Input for this task:

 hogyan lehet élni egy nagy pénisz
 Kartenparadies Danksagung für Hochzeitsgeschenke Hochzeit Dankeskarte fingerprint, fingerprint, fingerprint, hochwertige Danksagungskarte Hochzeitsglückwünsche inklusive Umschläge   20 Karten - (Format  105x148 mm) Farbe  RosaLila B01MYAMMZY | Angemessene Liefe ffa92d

---

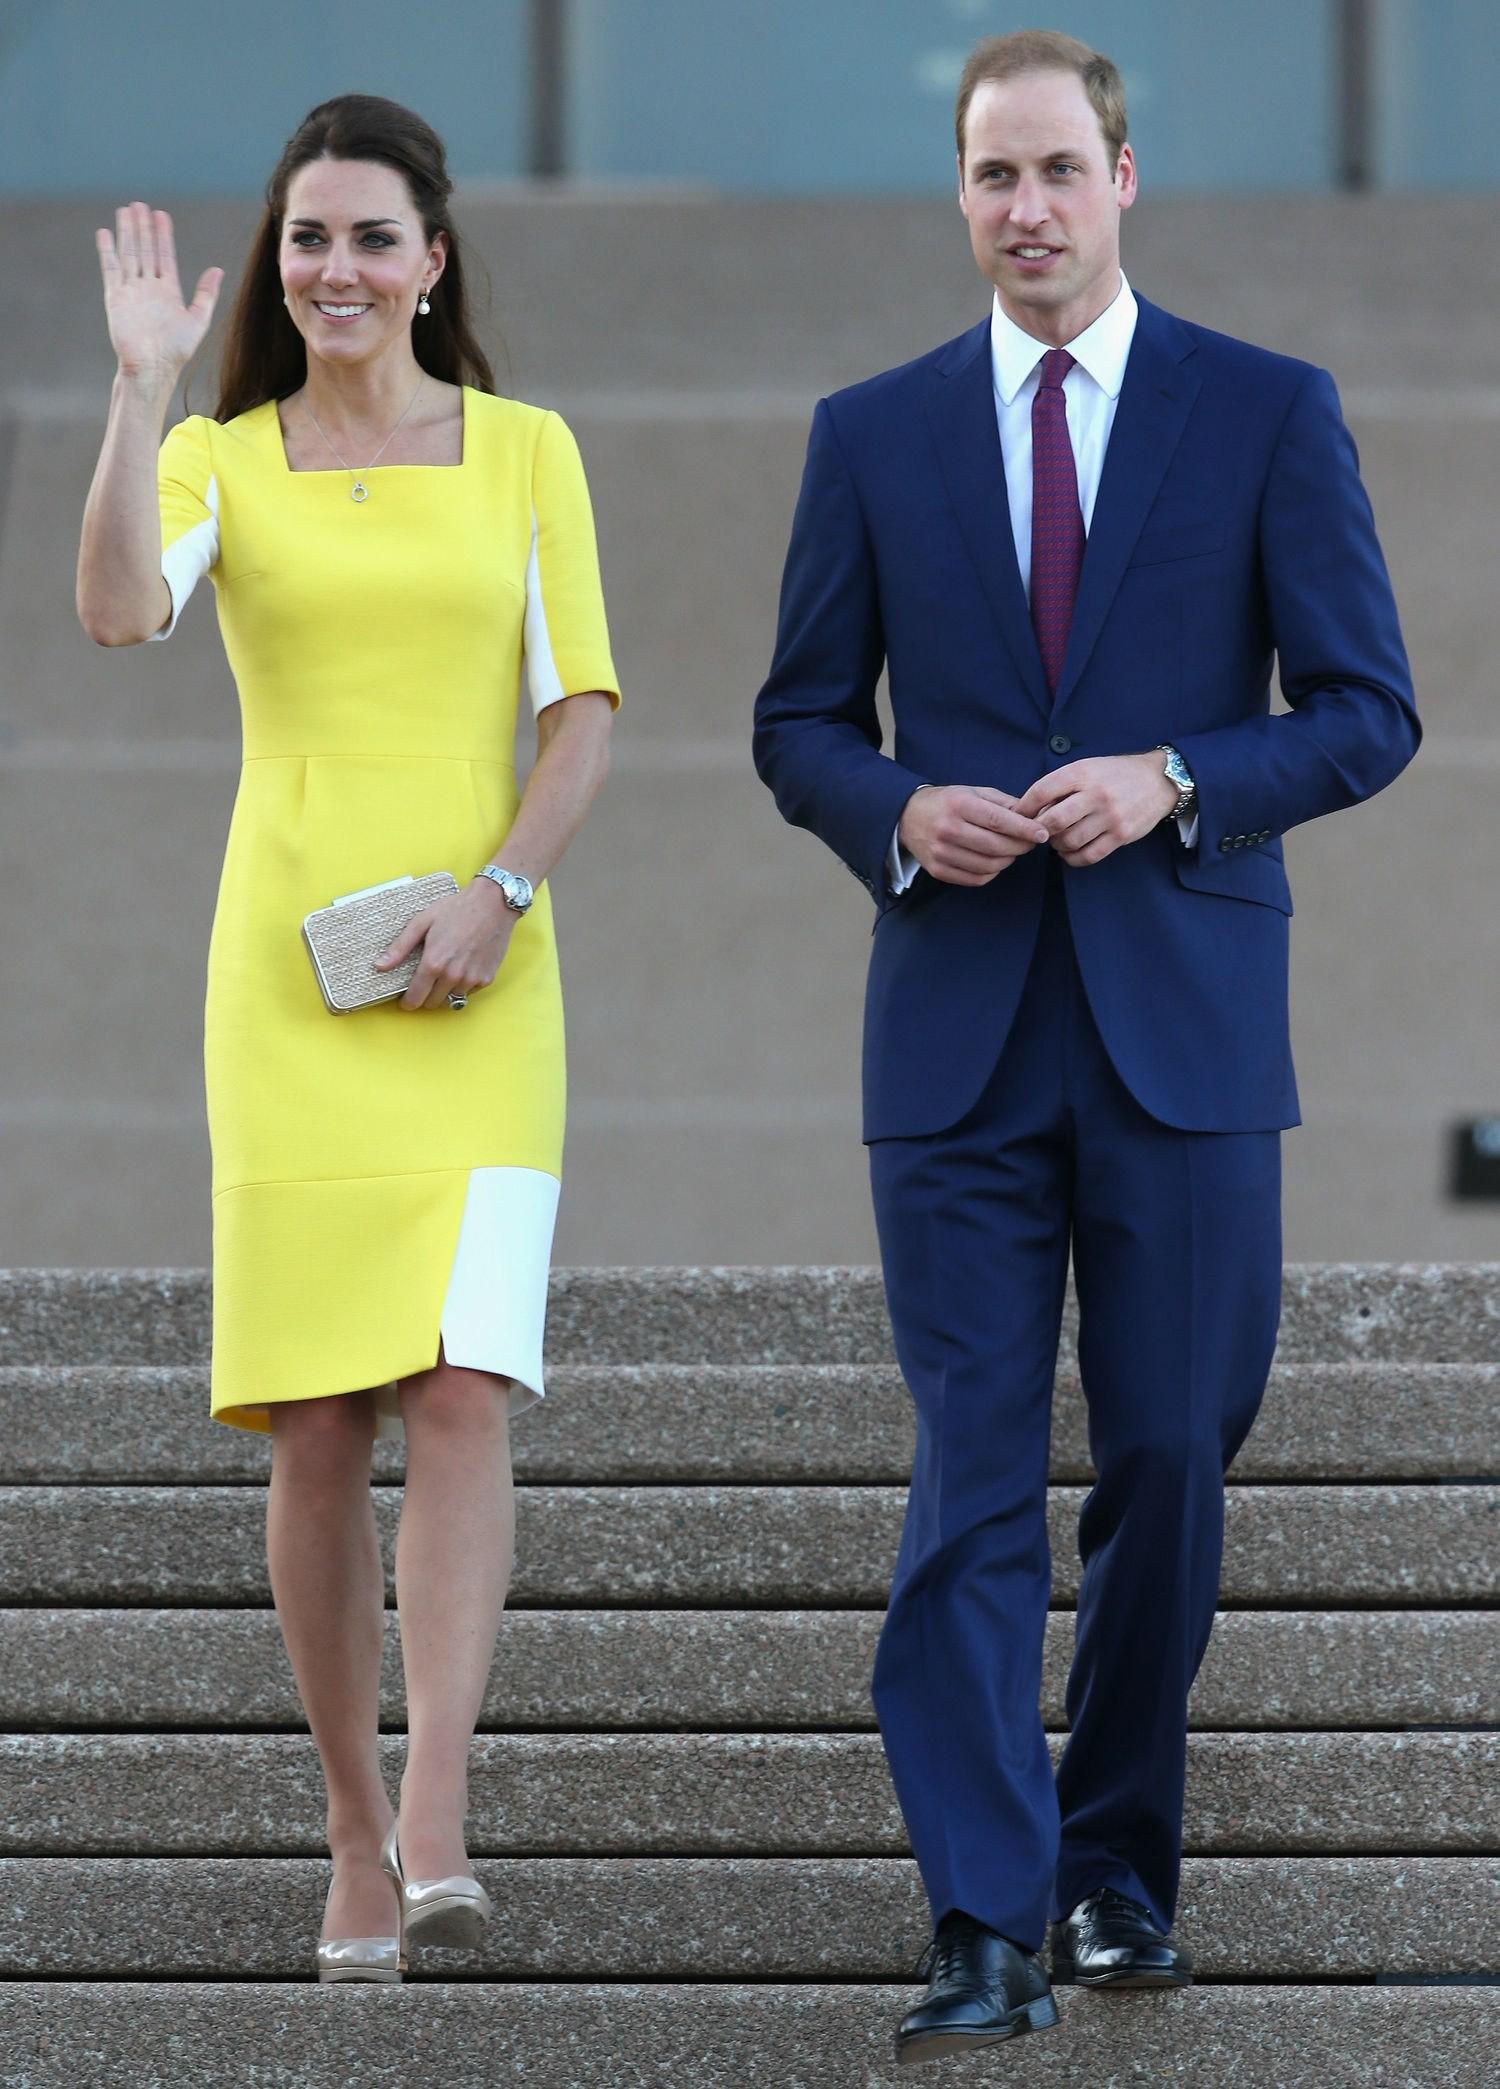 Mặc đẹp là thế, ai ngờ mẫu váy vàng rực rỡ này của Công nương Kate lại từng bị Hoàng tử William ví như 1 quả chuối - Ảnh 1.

Assigned task:
An exact, complete copy of the lines above from the one with "hogyan lehet élni egy nagy pénisz" through the one with "Kartenparadies Danksagung für" is the whole answer.

Completed task:
 hogyan lehet élni egy nagy pénisz
 Kartenparadies Danksagung für Hochzeitsgeschenke Hochzeit Dankeskarte fingerprint, fingerprint, fingerprint, hochwertige Danksagungskarte Hochzeitsglückwünsche inklusive Umschläge   20 Karten - (Format  105x148 mm) Farbe  RosaLila B01MYAMMZY | Angemessene Liefe ffa92d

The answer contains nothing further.